- Exercise prompt
Images are not part of the copy; transcribe all the data exactly.

- Data segment
▶
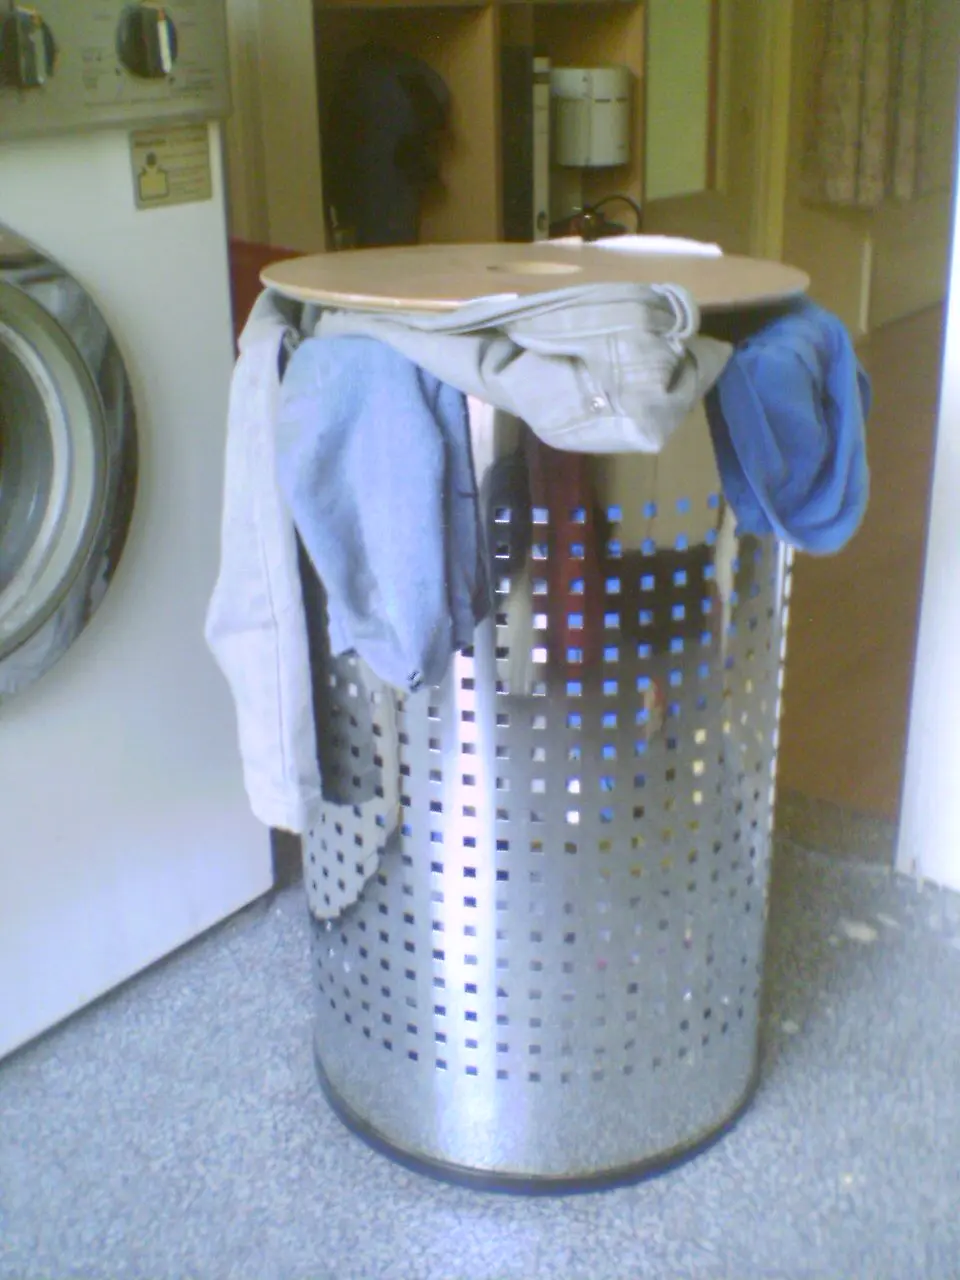 jugar a lavar ropa - Cómo se dice en inglés lavar ropa
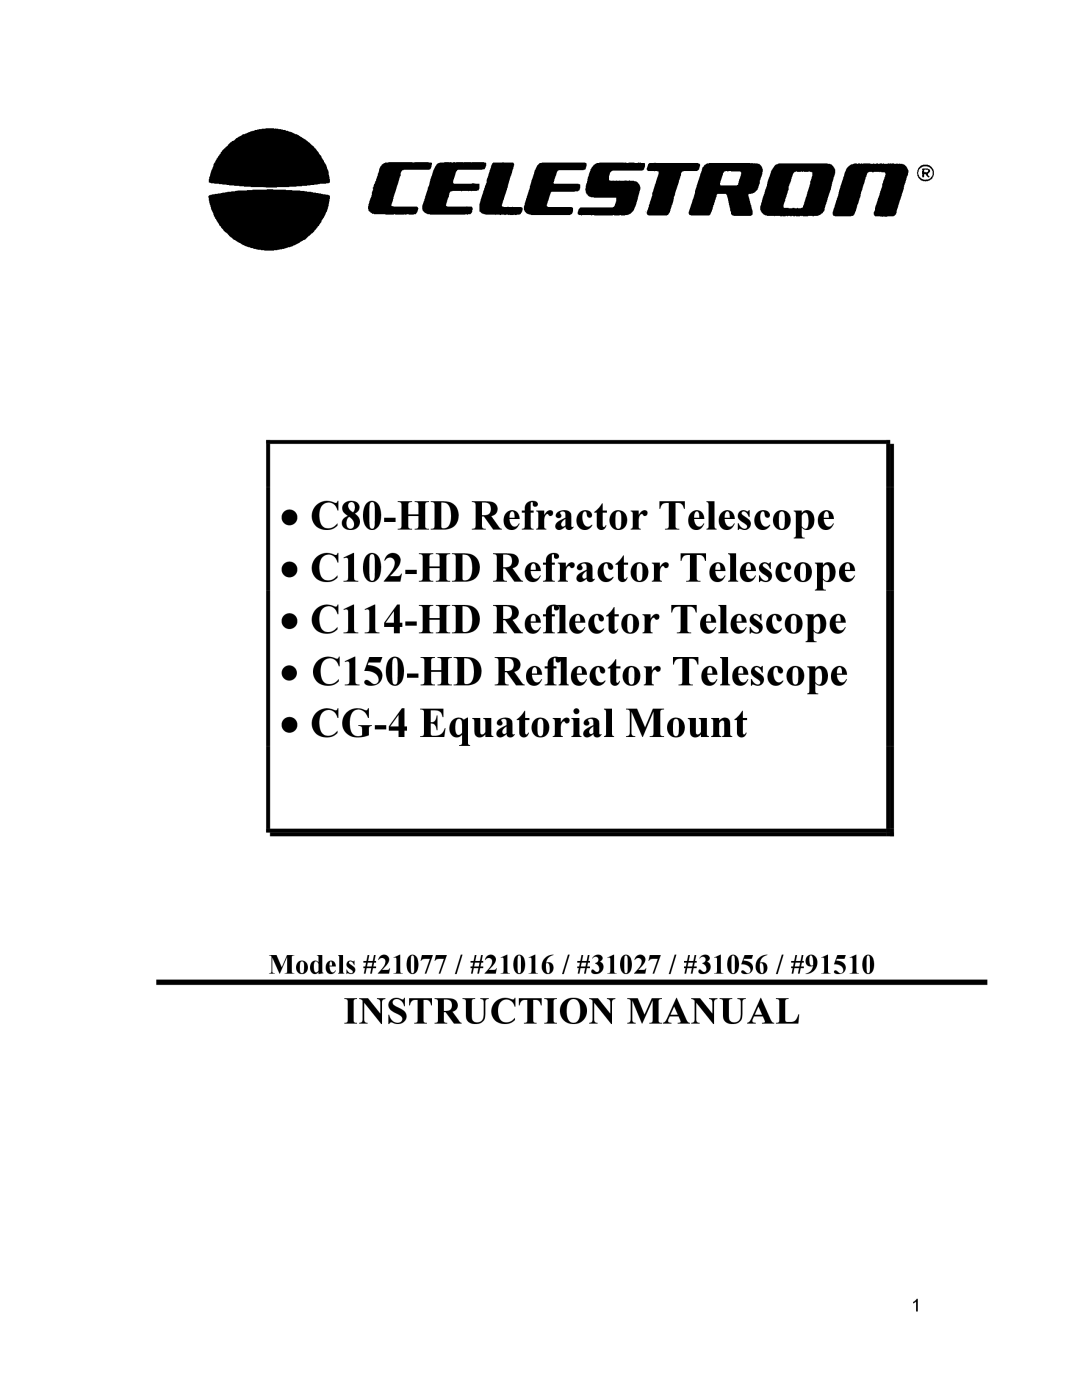 Celestron instruction manual Models #21077 / #21016 / #31027 / #31056 / #91510 
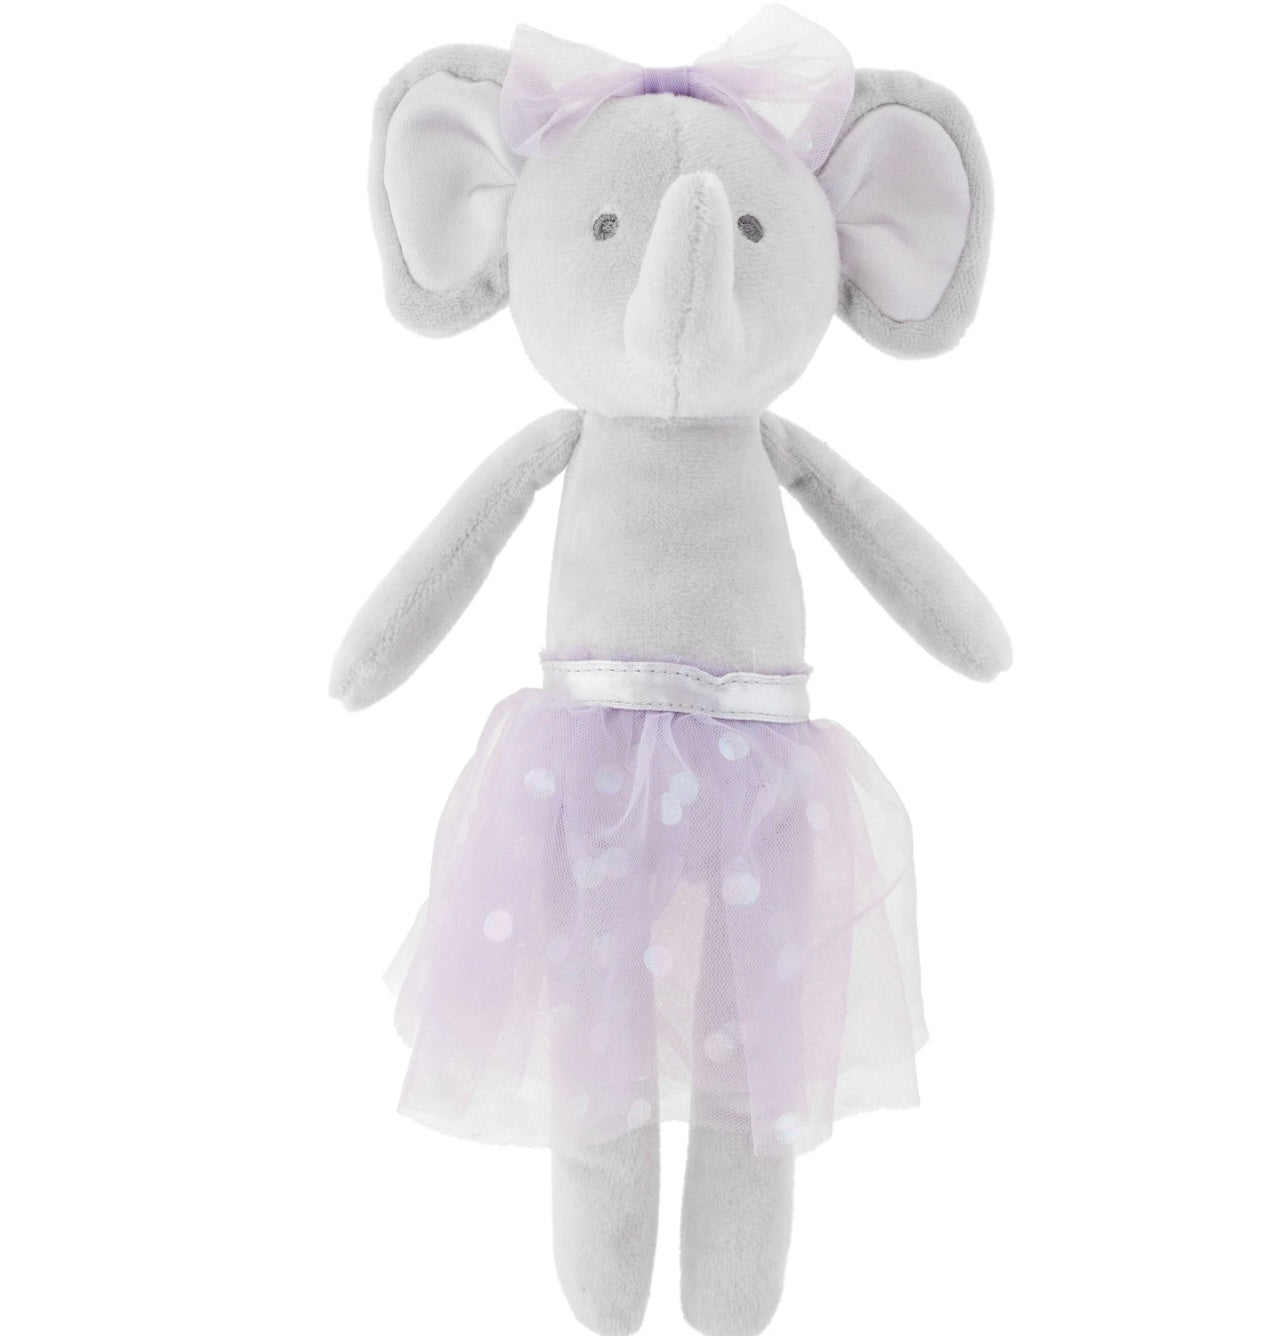 Super Soft Plush Dolls - Small Elephant
◀
- Response area
 jugar a lavar ropa - Cómo se dice en inglés lavar ropa
 Celestron instruction manual Models #21077 / #21016 / #31027 / #31056 / #91510 
 Super Soft Plush Dolls - Small Elephant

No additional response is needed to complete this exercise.